In the previous example, the size of the intervals, 100 and 150, depended on the choice of the mathematical function expressing the probability of a correct response. Different choices for that function will produce different scales. And choice is just what takes place. There is no “correct” choice–or, more precisely, we possess no criteria for determining whether one choice is more correct than another. Statistical properties, such as the “fit” of the data to the model, are of no help here. As noted in a 1986 article in the Journal of Educational Measurement by Wendy Yen, formerly the chief research psychologist with CBT/McGraw-Hill and now with the Educational Testing Service (ETS), there are infinitely many nonlinear transformations of the ability scale that will fit the data equally well, yielding the same probabilities. Yet these transformations will shrink the scale over some ranges and expand it over others, so that student A appears to make more progress than student B using one scale, but less using another.

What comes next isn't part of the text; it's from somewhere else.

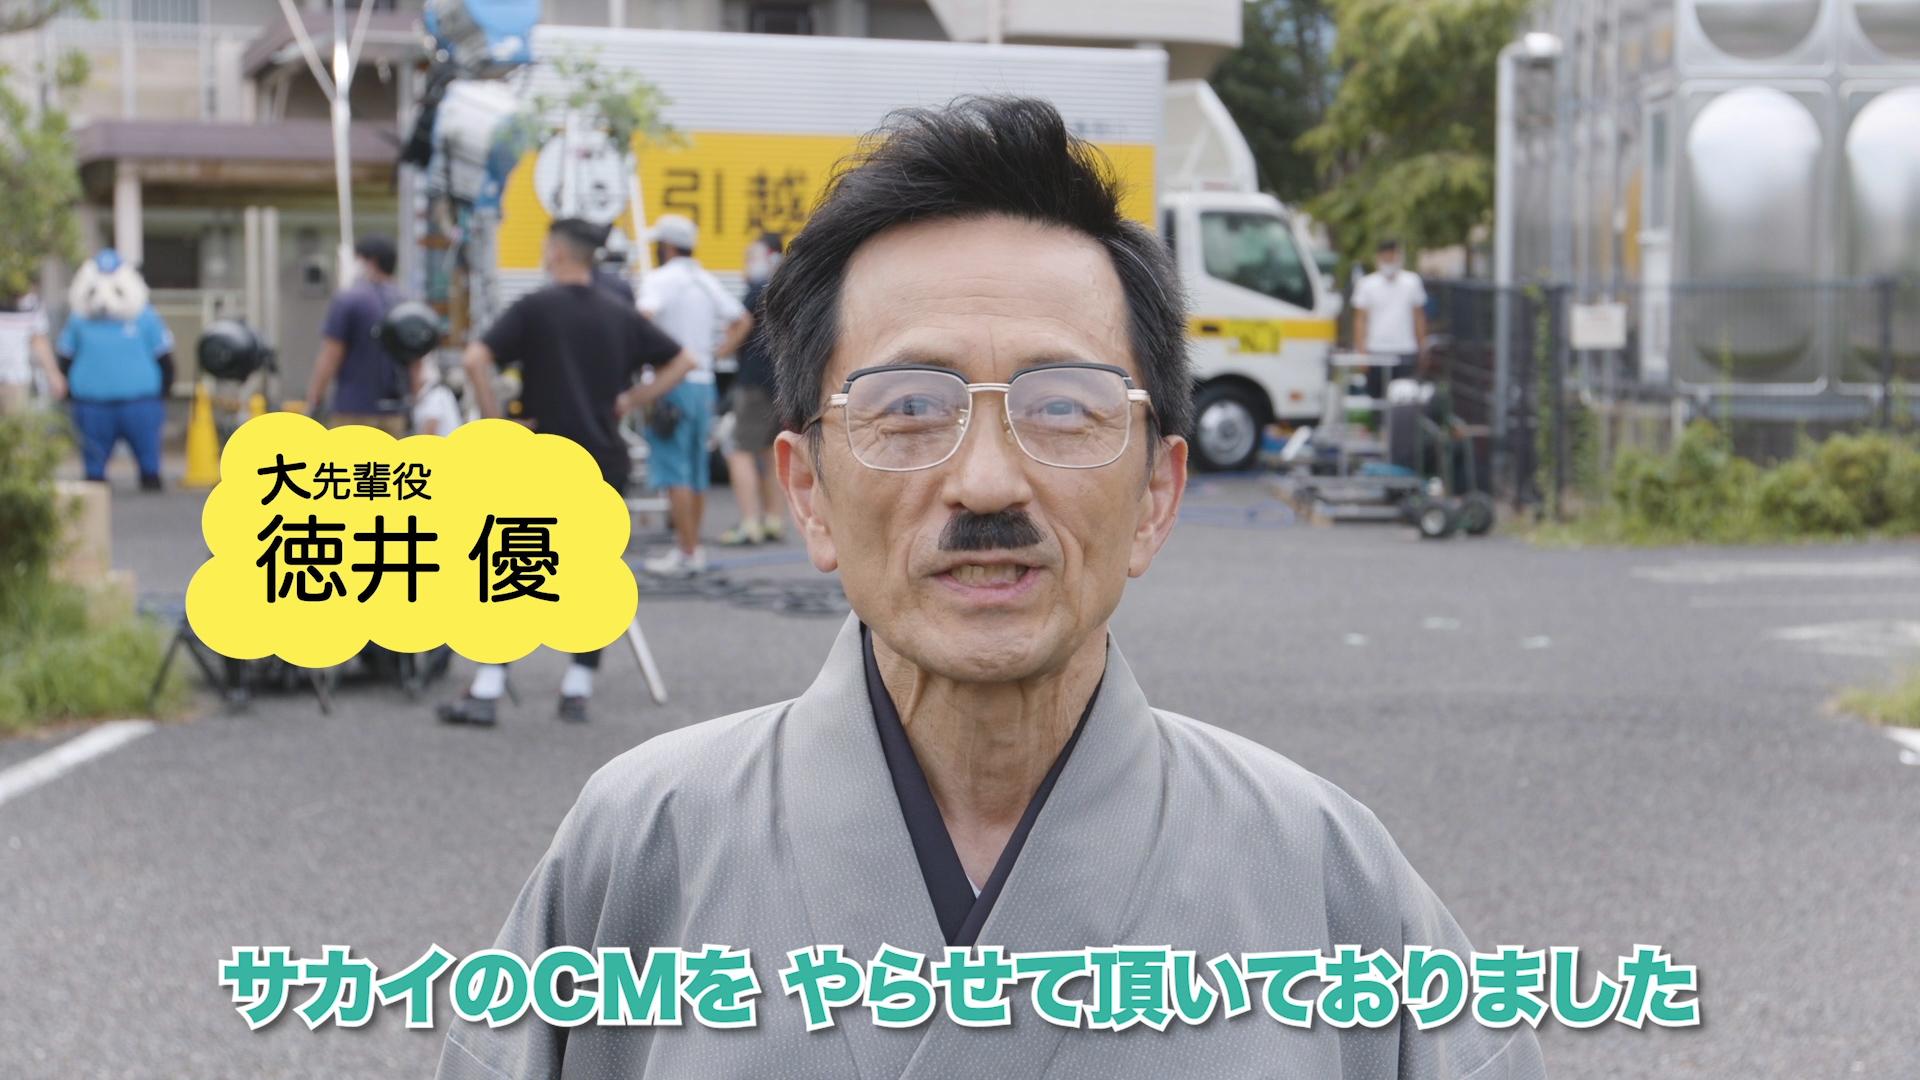 の cm 引越 サカイ

These conclusions cut the ground out from under value-added assessment. Our efforts to determine which students gain more than others–and thus which teachers and schools are more effective–turn out to depend on conventions (arbitrary choices) that make some educators look better than others. This does not mean that testing is of no value. It is still possible to rank students’ performance and to ask how many students exceed a specified benchmark. But the finer kinds of measurement required to compare the progress of students at different levels of initial ability exceed the capacities of our instruments. As Henry Braun of ETS wrote in a 1988 article for the Journal of Educational Measurement: “We have to be very careful about the questions we ask and very sensitive to the possibilities for obtaining misleading answers to those questions. . . . In particular, we should probably give up trying to compare gains at different places on the scale for a given population.”
Conclusion
There is a simple idea behind value-added assessment: schools and teachers should be evaluated based on student progress. As the foregoing discussion shows, however, successful implementation of this concept is far from simple. It is much harder to measure achievement gains than is commonly supposed.
Notwithstanding these problems, policymakers, educators, and the public will continue to look at indicators of student progress to see how schools are doing. For some purposes, this seems entirely reasonable. Sanders’s assessment system has been a beneficial diagnostic tool in Tennessee. But those who look to value-added assessment as the solution to the problem of educational accountability are likely to be disappointed. There are too many uncertainties and inequities to rely on such measures for high-stakes personnel decisions.
-Dale Ballou is an associate professor of economics at the University of Massachusetts at Amherst.